그래서 이를 실행해서 문서의 길이를 보면 우리가 지정한 대로 3개라는 것을 알 수 있다.
첫 번째 문서의 내용을 살펴보면

Document(page_content="cs229-qa@cs.stanford.edu. This goes to an acc ount that's read by all the TAs and me. So \nrather than sending us email individually, if you send email to this account, it will \nactually let us get back to you maximally quickly with answers to your questions. \nIf you're asking questions about homework probl ems, please say in the subject line which \nassignment and which question the email refers to, since that will also help us to route \nyour question to the appropriate TA or to me appropriately and get the response back to \nyou quickly. \nLet's see. Skipping ahead — let's see — for homework, one midterm, one open and term \nproject. Notice on the honor code. So one thi ng that I think will help you to succeed and \ndo well in this class and even help you to enjoy this cla ss more is if you form a study \ngroup. \nSo start looking around where you' re sitting now or at the end of class today, mingle a \nlittle bit and get to know your classmates. I strongly encourage you to form study groups \nand sort of have a group of people to study with and have a group of your fellow students \nto talk over these concepts with. You can also post on the class news group if you want to \nuse that to try to form a study group. \nBut some of the problems sets in this cla ss are reasonably difficult. People that have \ntaken the class before may tell you they were very difficult. And just I bet it would be \nmore fun for you, and you'd probably have a be tter learning experience if you form a", metadata={'page': 5, 'source': 'data/MachineLearning-Lecture01.pdf'})
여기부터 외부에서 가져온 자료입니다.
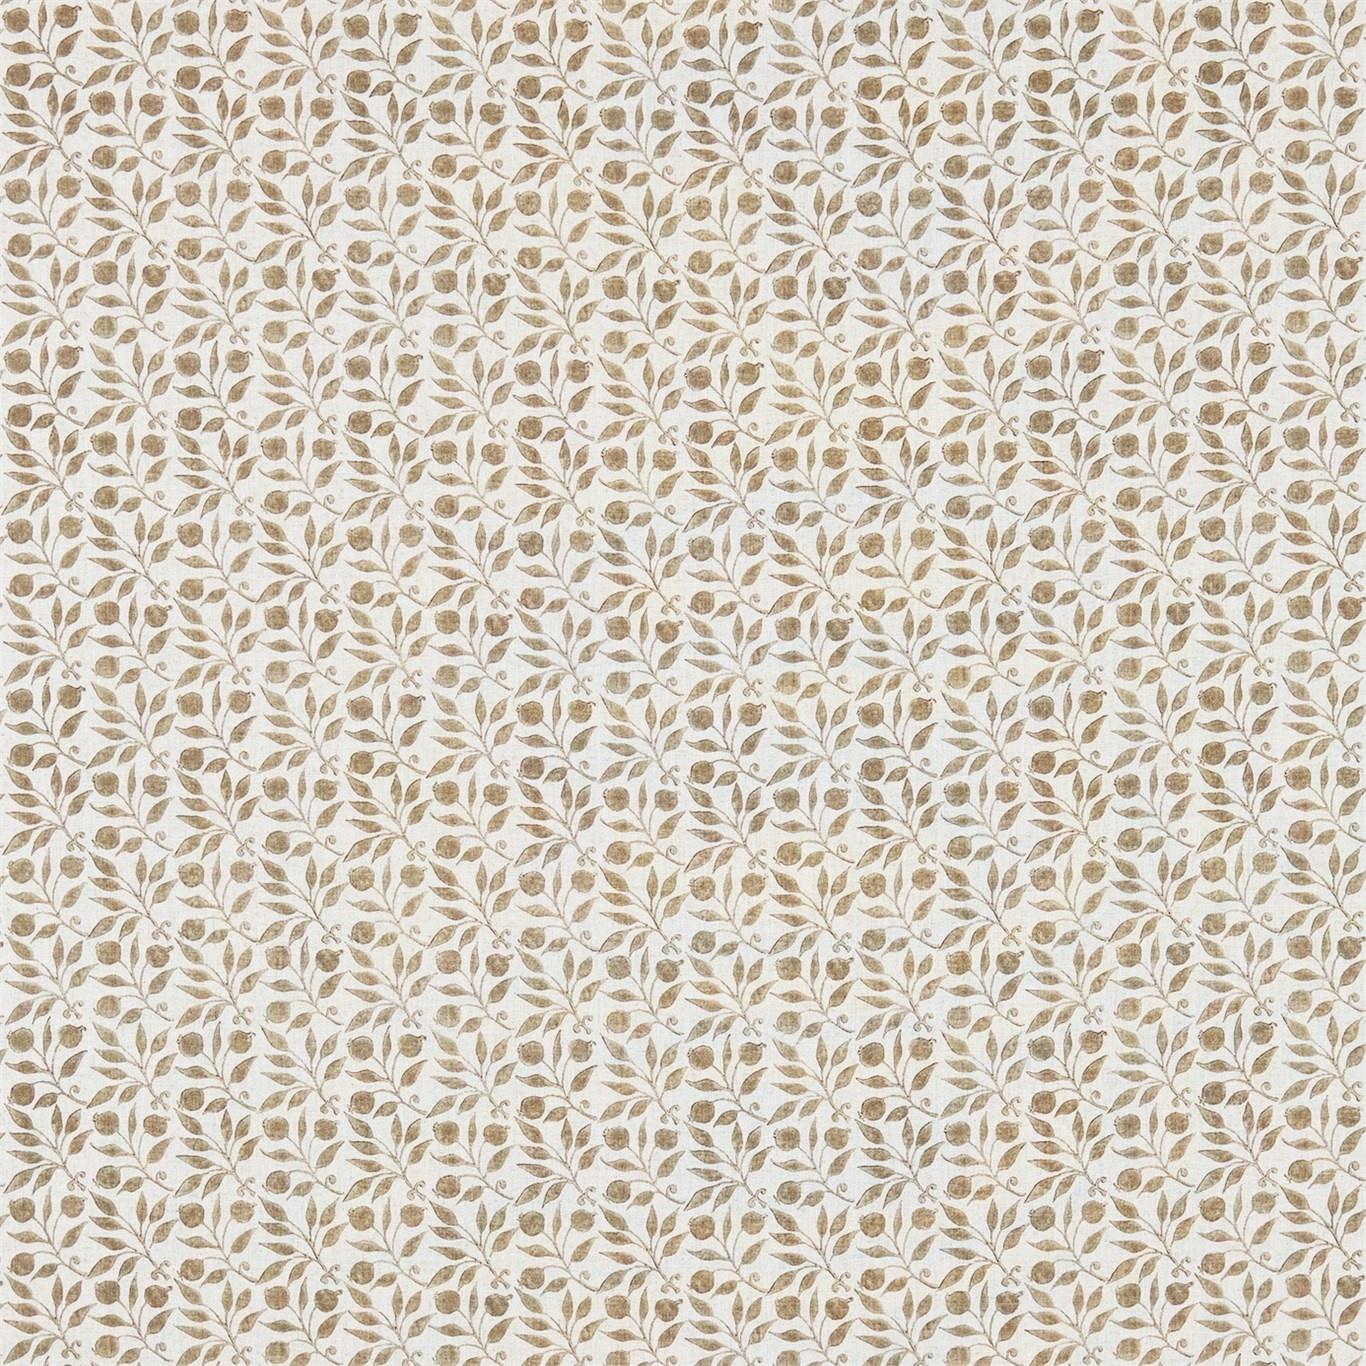 Image of Morris & Co Rosehip Linen/Ecru Curtain Fabric 224487

실제로는 cs229-qa.cs.stanford.edu라는 이메일 주소에 관한 것임을 알 수 있다. 해당 이메일은 우리가 질문을 보낼 수 있고 모든 TA가 읽을 수 있는 이메일이다.

두번째는
Document(page_content="So all right, online resources. The class has a home page, so it's in on the handouts. I \nwon't write on the chalkboard — http:// cs229.stanford.edu. And so when there are \nhomework assignments or things like that, we usually won't sort of — in the mission of \nsaving trees, we will usually not give out many handouts in class. So homework \nassignments, homework solutions will be posted online at the course home page. \nAs far as this class, I've also written, a nd I guess I've also revised every year a set of \nfairly detailed lecture notes that cover the te chnical content of this class. And so if you \nvisit the course homepage, you'll also find the detailed lecture notes that go over in detail \nall the math and equations and so on that I'll be doing in class. \nThere's also a newsgroup, su.class.cs229, also written on the handout. This is a \nnewsgroup that's sort of a forum for people in the class to get to know each other and \nhave whatever discussions you want to ha ve amongst yourselves. So the class newsgroup \nwill not be monitored by the TAs and me. But this is a place for you to form study groups \nor find project partners or discuss homework problems and so on, and it's not monitored \nby the TAs and me. So feel free to ta lk trash about this class there. \nIf you want to contact the teaching staff, pl ease use the email address written down here, \ncs229-qa@cs.stanford.edu. This goes to an acc ount that's read by all the TAs and me. So", metadata={'page': 5, 'source': 'data/MachineLearning-Lecture01.pdf'})

세번째는
Document(page_content="over the last 15, 20 years in an electronic format. \nTurns out that most of you probably use learning algorithms — I don't know — I think \nhalf a dozen times a day or maybe a dozen times a day or more, and often without \nknowing it. So, for example, every time you se nd mail via the US Postal System, turns \nout there's an algorithm that tries to automa tically read the zip code you wrote on your \nenvelope, and that's done by a learning al gorithm. So every time you send US mail, you \nare using a learning algorithm, perhap s without even being aware of it.", metadata={'page': 2, 'source': 'data/MachineLearning-Lecture01.pdf'})

이다.

세번째는 이메일이 언급되어 있을 뿐이지 해당 답에 대한 답변이 나올 수 있는 청크가 아니지만, 첫번째와 두번째는 해당 내용의 청크인 것을 볼 수 있다.

vectordb.persist()

그런 다음 Vectordb.persist를 실행하여 향후 학습에서 사용할 수 있도록 벡터 데이터베이스를 유지해본다. 이는 의미론적 검색의 기본 사항을 다루었으며 임베딩만으로도 꽤 좋은 결과를 얻을 수 있음을 보여주었다.
하지만 여기까지 완벽하다고 볼 수 없다.

이건 아주 잘 나온 케이스이고,
실패 사례가 나올 수 있다.

◼︎ example code - fail case (1)

아래의 사례를 보면 실패할 수 있는 사례가 발생하는데,
question = "what did they say about matlab?"
matlab에 대해 무엇이라고 말하고 있는지에 대해 질문해보자.
k는 값을 좀 올려서 3 대신 5라고 지정해본다.

 question = "what did they say about matlab?"
 
docs = vectordb.similarity_search(question,k=5)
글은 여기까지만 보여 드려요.